Cosa? Dwayne Johnson, il monolitico The Rock, picchiato a sangue da quattro teppistelli di strada, e senza riuscire a mollargli neanche un cazzotto? Ci si sente spiazzati, ma è un gran bello shock, che scardina ogni certezza accumulata con la visione di decine di action, e aumenta l’interesse per le gesta di quest’uomo normale, fallibile e insicuro come ogni altro uomo alle prese con un mondo spietato e violento che fino allora mai avrebbe pensato di conoscere, e poco importa se quest’uomo è un armadio di due metri per due le cui spalle occupano sempre metà inquadratura. Così come Stallone ha dismesso i panni del superduro in Copland di James Mangold (rileggetevi lo speciale “Rocky e i suoi fratelli” su Nocturno 120, in caso), lo stesso si potrebbe dire per Johnson in Snitch: un tentativo (riuscito) di smarcarsi dalla sua immagine pubblica di spaccaossa indistruttibile, senza ricorrere all’autoparodia ma concentrandosi sulle sue doti di attore, mai veramente sfruttate a pieno.
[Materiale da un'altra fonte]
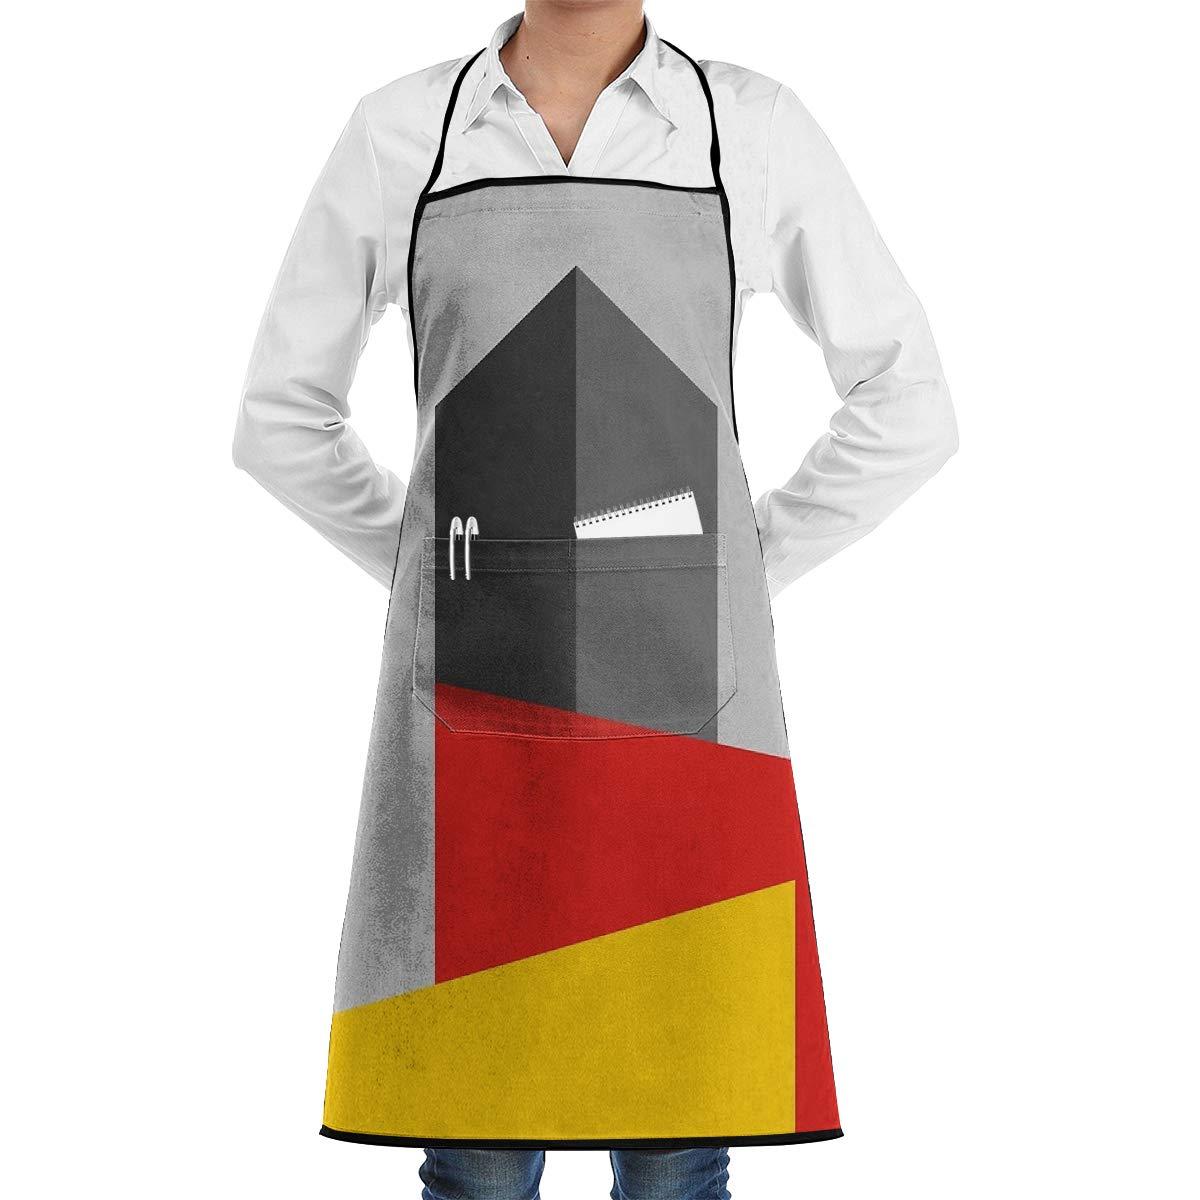 Ameok-Design Bauhaus Tower - Delantal de Cocina Unisex Ajustable ...

Basterebbe questo a rendere Snitch degno di interesse, ma il film di Waugh ha anche altri assi nella manica, a partire dalla critica feroce non tanto dell’operato delle forze dell’ordine statunitensi, quanto piuttosto delle leggi su cui si basano, che spingono al tradimento dei propri amici nel tentativo di ridurre pene eccessive per reati minori, rovinando le vite di persone perbene indegne di tali trattamenti. Le poche scene d’azione arrivano nei momenti giusti e sono esaltanti (come l’inseguimento automobilistico finale), tutti gli attori sono incredibilmente in parte (menzione per Jon Bernthal e Michael K. Williams) e la regia di Waugh, seppur con un abuso di macchina a mano, è precisa e intrigante: insomma, è impossibile non consigliare la visione di Snitch. Ergo, non perdetevelo.